Khasi Jaintia Christian Leaders Forum (KJCLF) secretary Rev. EH Kharkongor raised concerns over immorality and the negative effect of legalisation on individuals and citizens residing in the state.

In a meeting with Meghalaya chief minister Conrad K. Sangma, Mr Kharkongor said: "Our concern is with the immoral aspects of it; the immorality, the character of the citizens of the state from individuals to families. Another concern is that a person engaged in gambling…studies have shown detrimental impacts, like mental health and other implications. It also leads to criminal activities, affecting the individual, family and the society in different ways."

Why Mr Kharkongor Is Shortsighted In His Views

One of his main concerns appears to be the detrimental impacts on the bettor - citing the individual's mental health capacity and criminal activities arising from gambling legalisation.

He completely ignores the current illegal gambling crisis that courses through the country.

A recent paper from leading iGaming analysts ENV Media believes the levels of illegal gambling in India are rampant, and it poses a significant risk to every Indian citizen.

In their paper, Off-Shore Gambling Licenses and Regulated Markets, they surmise:

"In a nation with widespread illegal betting and gambling (reportedly worth well over $100bn annually), criminal activity has had the chance to flourish and continues to engage public resources and law-enforcement efforts. Emerging markets (India in particular but not only) will benefit from creating their own Central regulatory framework, a Gambling oversight body, and a Consumer Data protection regulation.

"As a recent publication points out, the key reasons to regulate the gambling market aim to transform risks and missed opportunities in public benefits and a better-controlled environment."

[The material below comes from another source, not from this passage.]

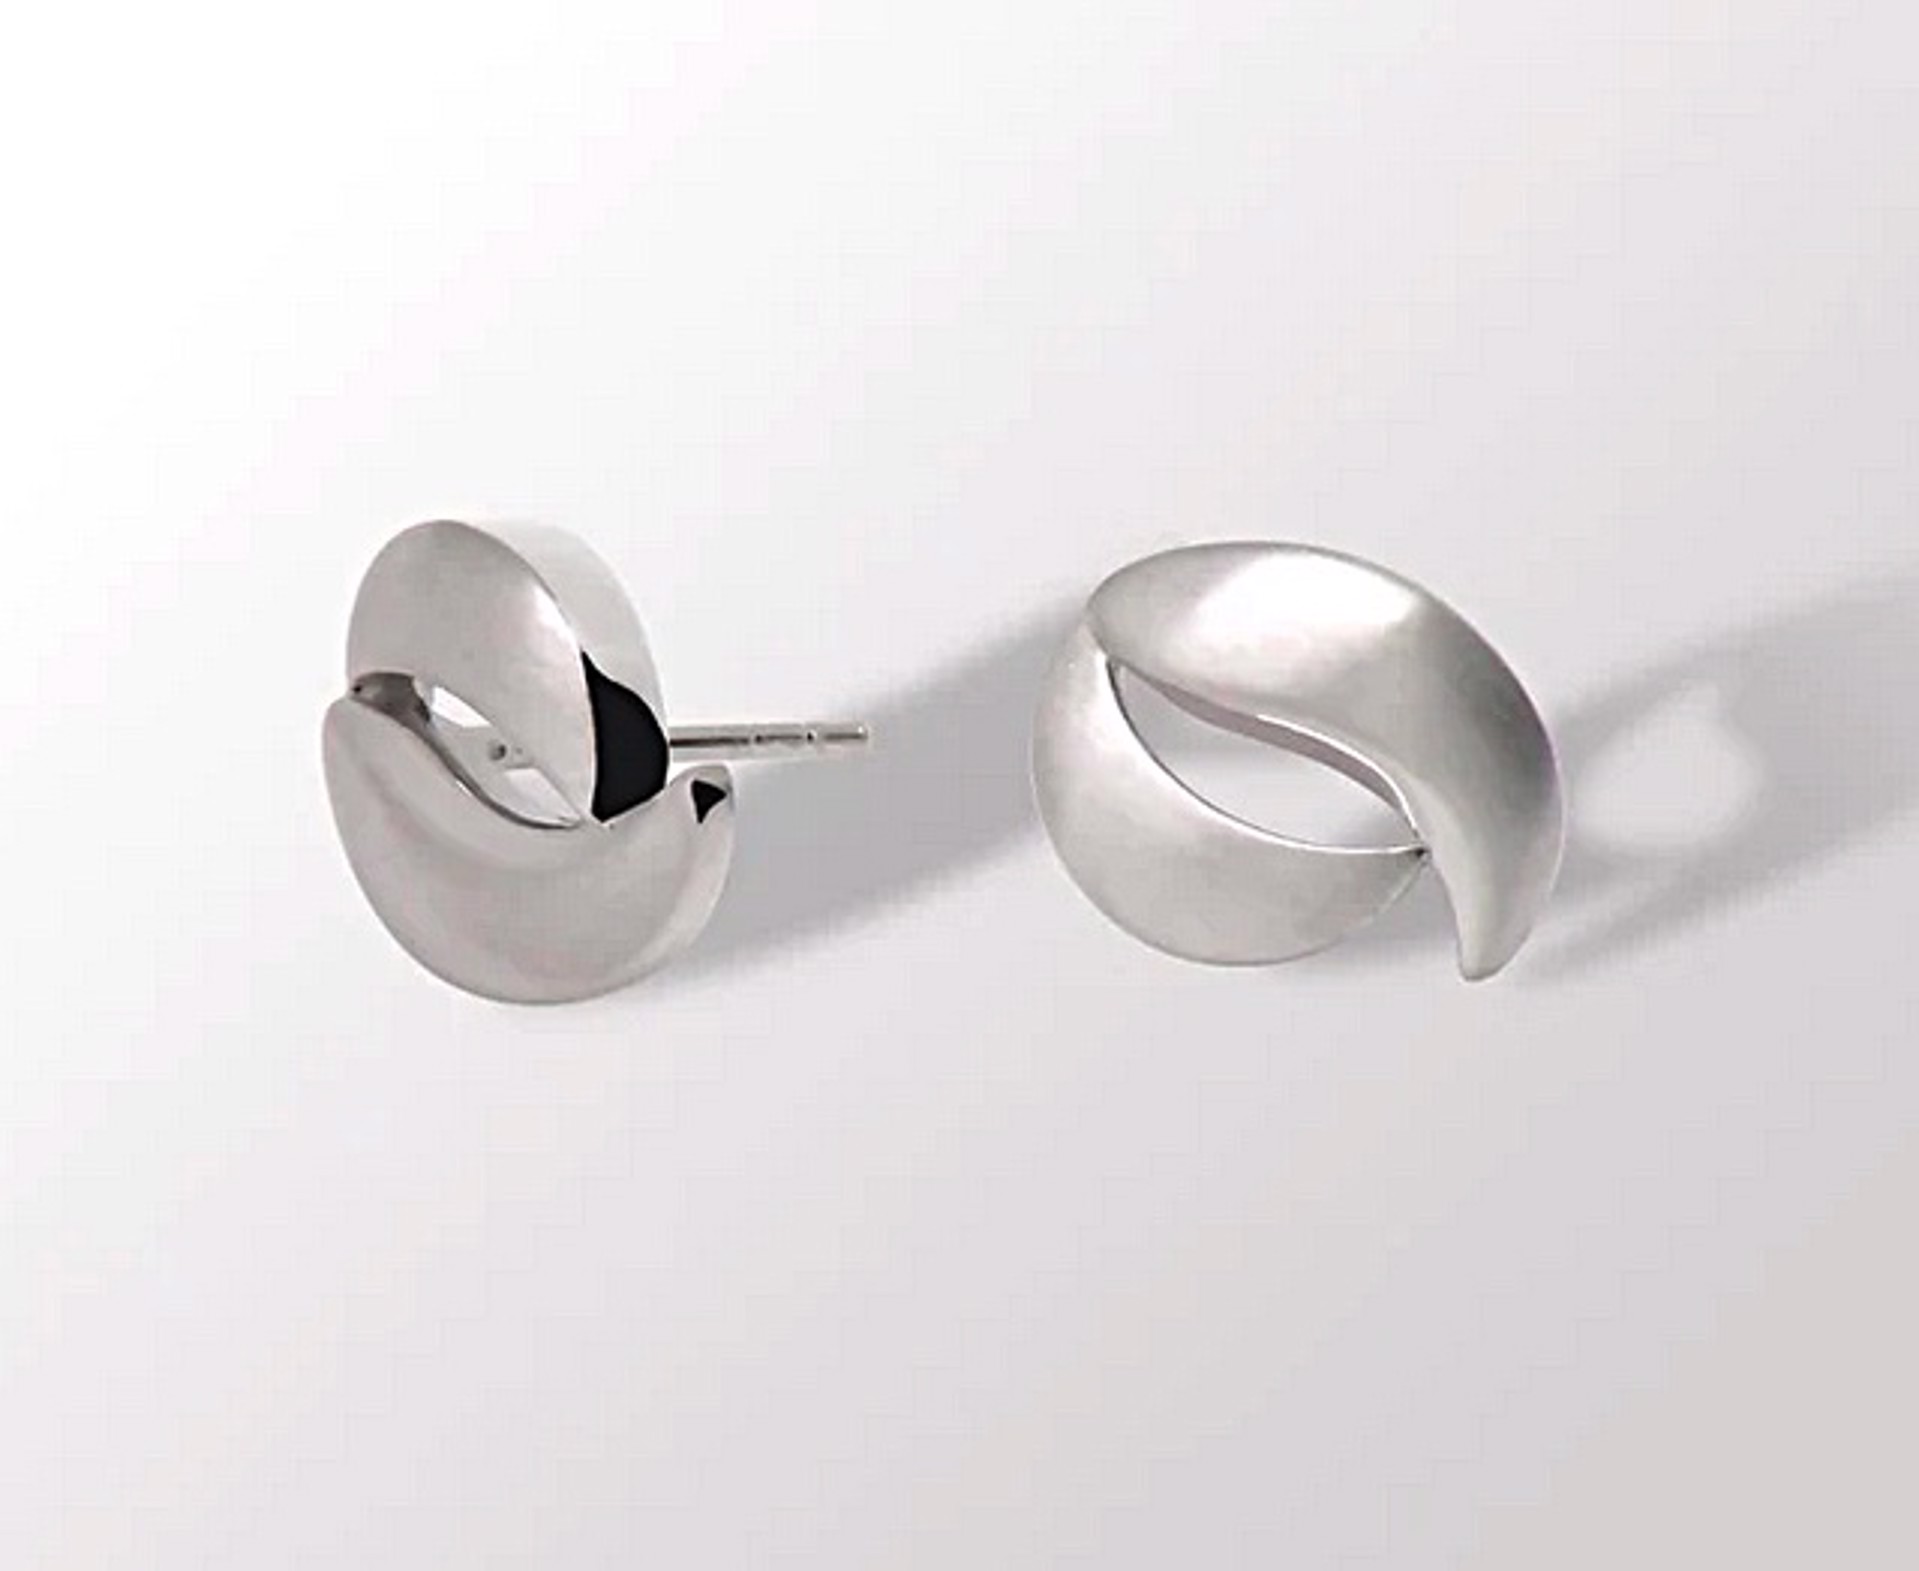 Earrings - Sterling Silver Modern Earrings Collection E5635 by Joryel Vera

If player safety is at the vanguard of Mr Kharkongor's mind, perhaps he would find more in common with gambling regulation than he may think.

Responsible Gambling Awareness at Forefront of India's Regulatory Future

There is little room for enforcing responsible gambling measures in India's vast illegal gambling landscape. Under a uniform authority, there are several methods to help ensure a bettor is playing within their means.

Responsible gambling tools include:

Deposit Limits: The ability to limit the amount a player can deposit in any given period - usually stretching between a day and a month.

Loss Limits: The player cannot lose more than a set amount in any given period.

Take A Break: If a player feels they are gambling too much, they can enable a temporary suspension of their account.

There are also Know Your Customer (KYC) protocols a player must pass before being allowed to play at a licensed operator. This process requires a player to verify the source of their funds through company payslips or invoices.

How Mature Markets Help Protect Players

In territories such as Sweden, immense importance is placed on responsible gambling.

According to the above study, the Scandinavian country invokes stringent measures to optimise player safety.

"The current regulation places importance on the national self-exclusion program; on the obligation of placing responsible gambling buttons on all gaming pages; the elimination of fast-play on slots; no VIP and loyalty programs; and limits on bonuses to one per player per operator."

"Stockholm University researchers explain (in 2018-2019, on the cusp of the recent regulatory changes) that authorities needed non-licensed companies to turn behaviour tracking and monitoring into an active role in preventing harm.

Live cricket satta rates, online roulette, teen patti - many online gambling opportunities are available to Indian citizens already. Rather than a crackdown on a widespread issue, would it not be more beneficial to open minds and educate about the importance of safe and responsible gambling under an all-encompassing authority?